The Wrong Enemy, Too Few Resources, and a Politically Correct Doctrine

As the flag of the Soviet Union was lowered for the last time on December 25, 1991, Eduard Shevardnadze, the last foreign minister of the Soviet empire, spoke these words of warning, "The cold war is over, beware of the peace!"  His words are not an empty warning.  They are a prediction of historical certainty.

Mankind has never known perpetual peace.  Throughout the history of man, peace has only been an interlude between war and violent conflict.

Who would have thought that within 23 years of the "War to end all wars" that the U.S. would be in a life and death struggle for its survival as a nation.

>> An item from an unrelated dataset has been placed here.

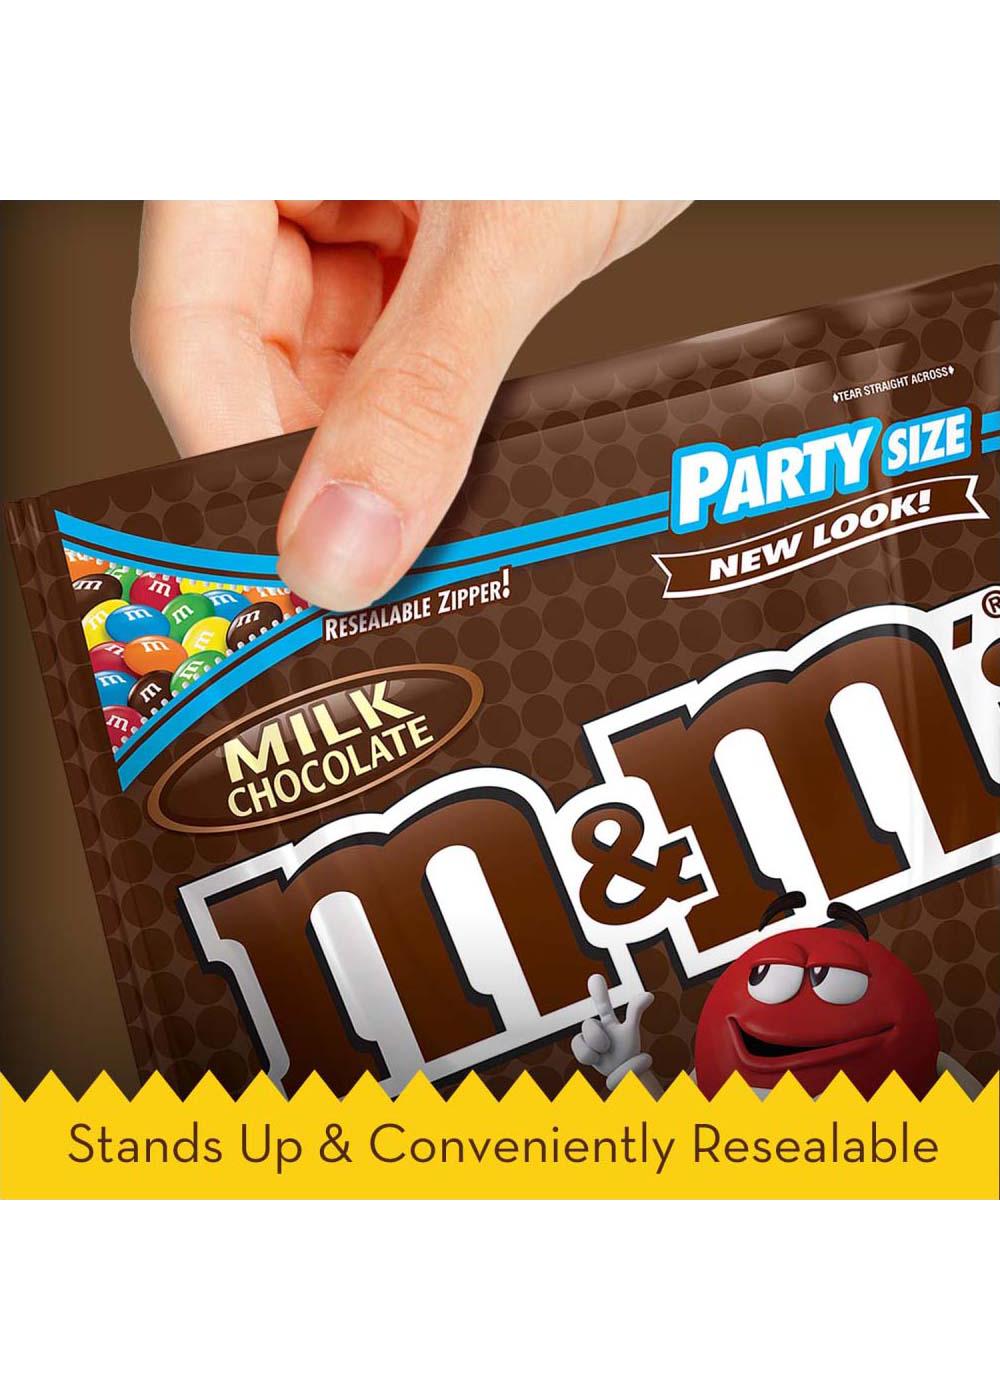 M&MS Milk Chocolate Candy Sharing Size Bag, 10.7 oz

Who would have thought that within 5 years of the unconditional surrender of Nazi Germany and Imperial Japan that the U.S. would be in a super power struggle with an evil empire with Americans fighting and dying in the far off land of Korea and Viet Nam.

Who would have thought that within a year of the fall of the Berlin Wall that the U.S. would be called to commit its armed forces to preserve the American way of life as a rogue dictator threatened the world's oil supply in the Persian Gulf.

Our first president, George Washington, was especially mindful of this historical certainty.  He under stood that peace is only an interlude between recurring war and conflict.  Further, he understood that the principal and irreducible responsibility of the national government is the survival of the nation, its citizens and their way of life.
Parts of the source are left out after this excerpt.